FIG. 5 is a schematic diagram of navigation modification information according to an embodiment of the present invention. Please refer to FIG. 5 , in an embodiment, the navigation modification information 51 may be presented in a screen displayed by the prompting device 15 . The navigation correction information 51 may include directional indicators 501-508 pointing in different directions. In one embodiment, one of the directional indicators 501-508 (such as the directional indicator 508) can change the visual effect (such as changing color, zooming in or flashing), so as to clearly inform the operator of the ultrasonic scanning device 13 that the current The moving direction of the ultrasonic scanning device 13 needs to move in a specific direction (such as the direction indicated by the indicator 508 ), so as to prevent the ultrasonic scanning device 13 from continuously moving in a wrong direction.

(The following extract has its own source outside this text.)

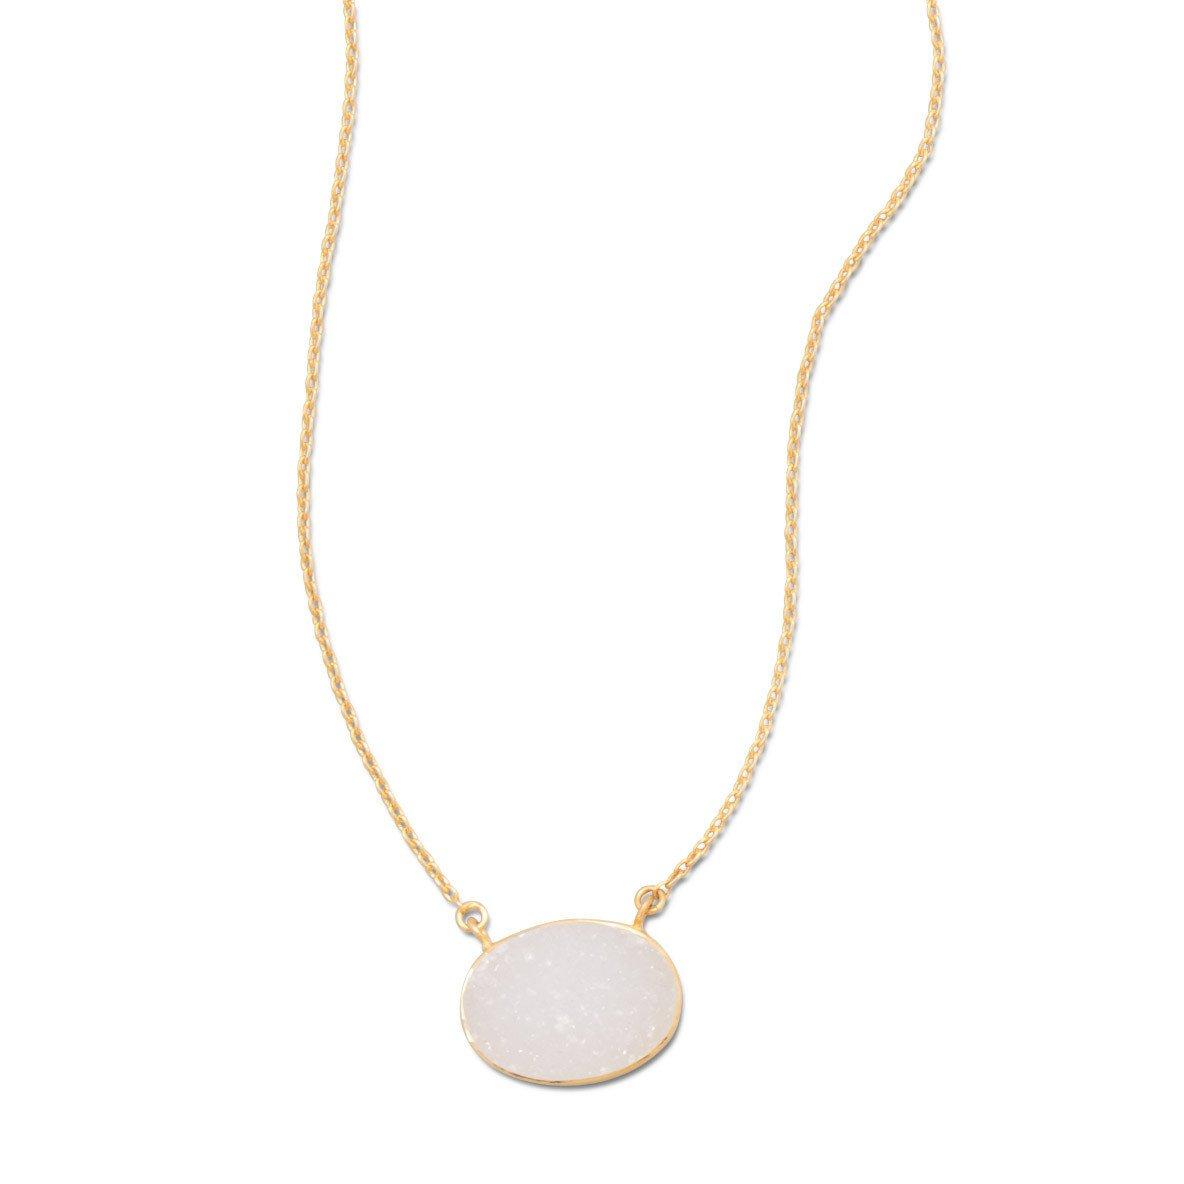 16″ + 2″ 14 Karat Gold Plated White Druzy Necklace

In an embodiment, the navigation correction information can also be presented through the light 103 . For example, the color or brightness characteristics such as the color, brightness, and flashing frequency of the light 103 can be changed according to the navigation correction information, so as to warn the operator of the ultrasonic scanning device 13 that the ultrasonic scanning device 13 must move in a specific direction or change the ultrasonic scanning The direction of movement of the device 13.

FIG. 6 is a schematic diagram of the appearance of a hand-held guiding device according to an embodiment of the present invention. Please refer to FIG. 6 , in an embodiment, the hand-held guiding device 61 may include a body 601 and a soft material layer 602 . The soft material layer 602 is disposed on the body 601 . It should be noted that the soft material layer 602 is implemented with a soft or elastic material (such as silicone). In addition, the body 601 may be the same or similar to the hand-held guiding device 11 of FIG. 1 .

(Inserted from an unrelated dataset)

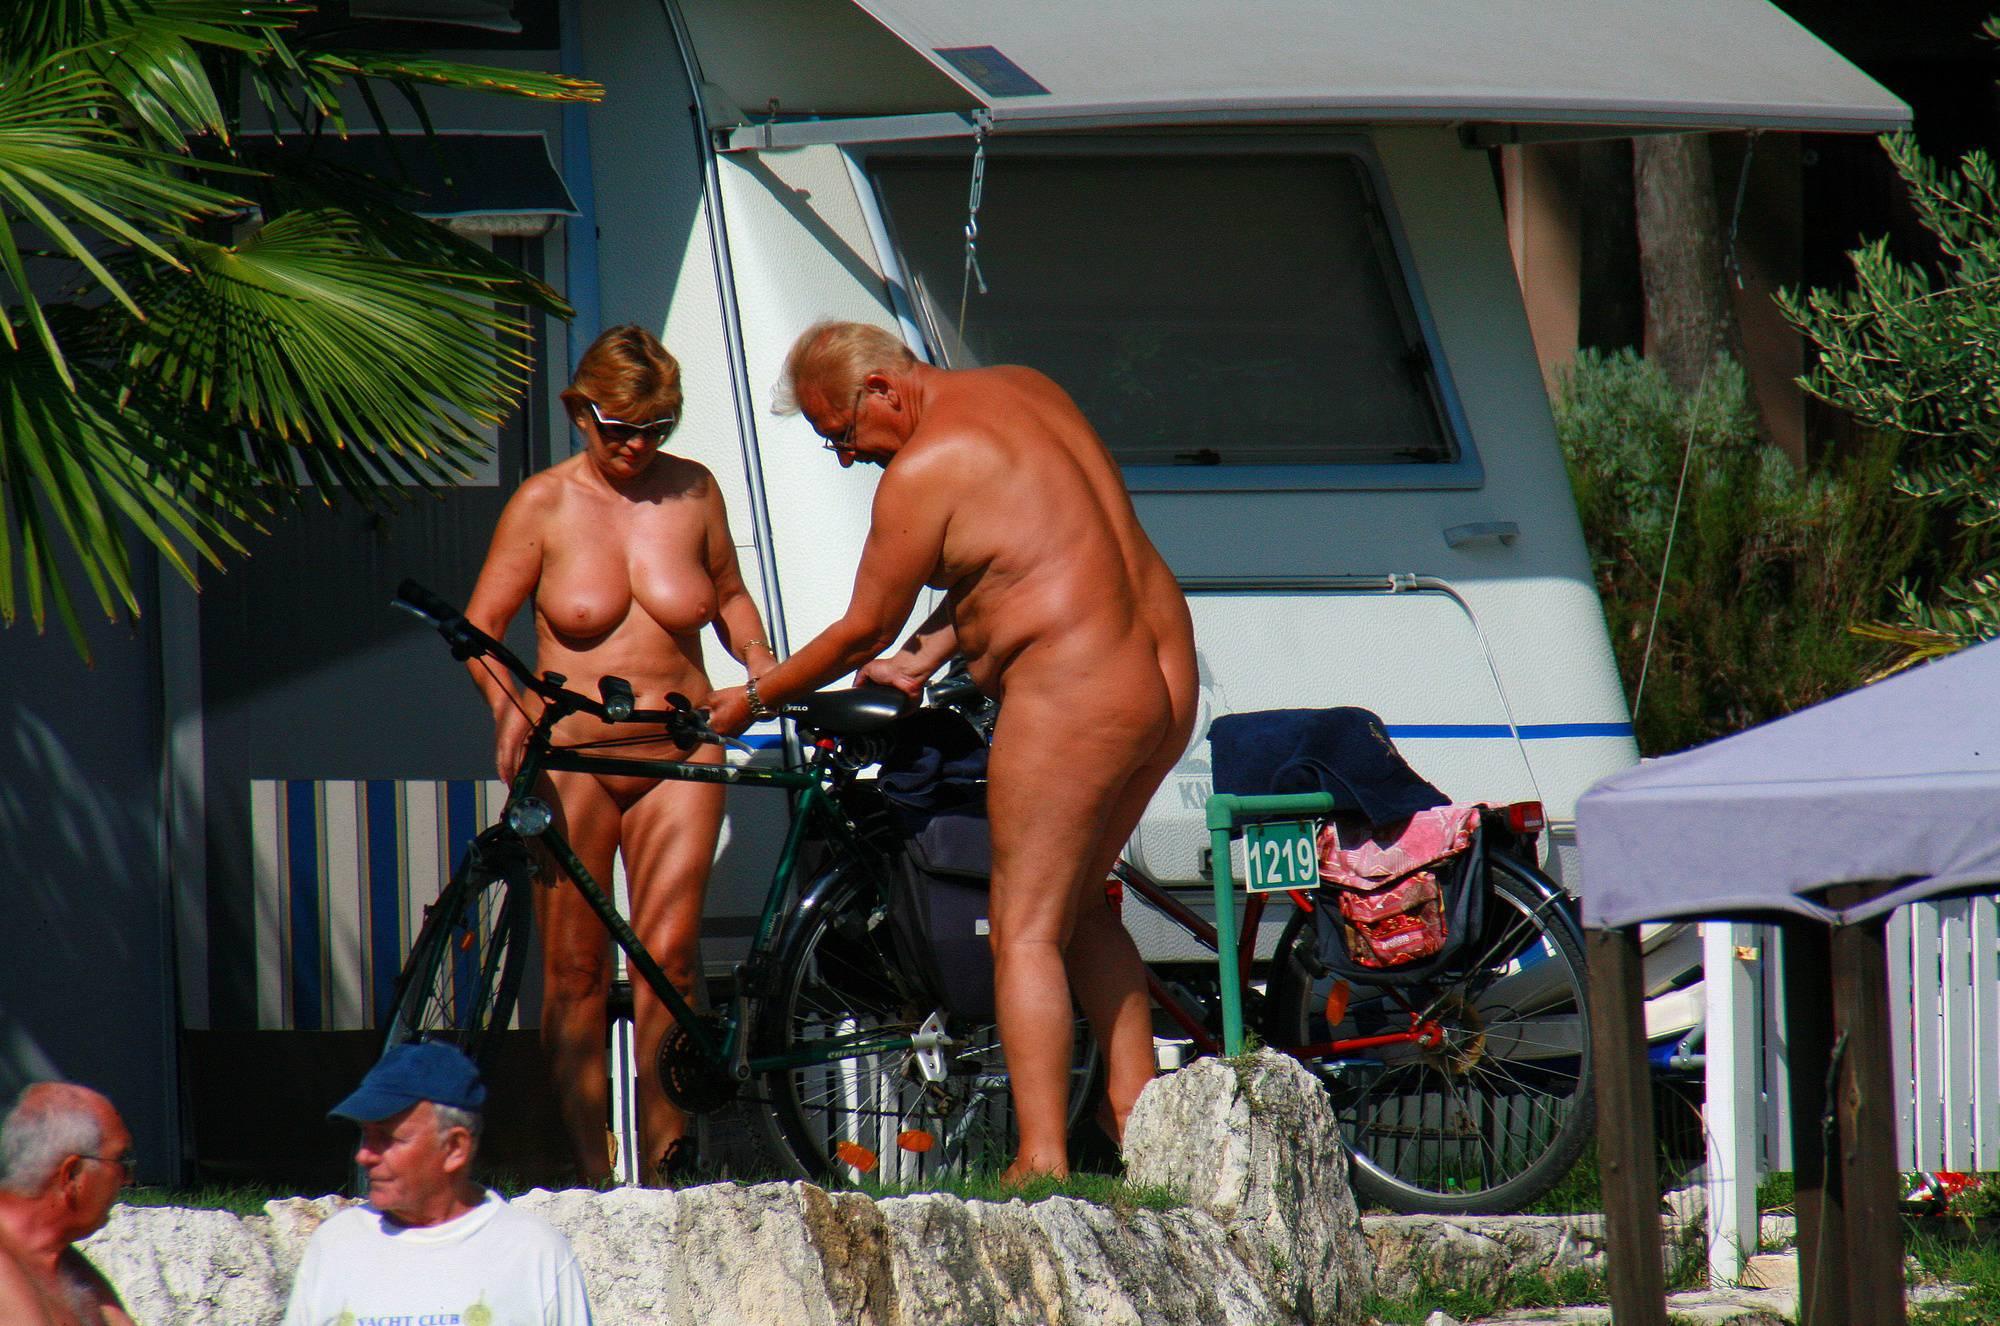 Nudist Pics Uka FKK Outdoor Biking - 2

In one embodiment, when the operator of the hand-held guiding device 61 operates the hand-held guiding device 61 to perform the first physical action, so that the soft material layer 602 is pressed down by the main body 601 to cause deformation of the soft material layer 602, the main body 601 The first inertia measurement signal generated by the sensor inside the main body 601 can be sent to the control host 14 according to the first physical action. In this way, the control host 14 can obtain the movement trajectory (such as the distance, depth or inclination angle of pressing toward the soft material layer 602) of the hand-held guiding device 61 when performing the first physical action according to the first inertial measurement signal, and generate corresponding Navigation Tips 101. Then, the control host 14 can use the navigation prompt information 101 to guide the operator of the ultrasonic scanning device 13 to perform similar second physical actions such as pressing down or tilting.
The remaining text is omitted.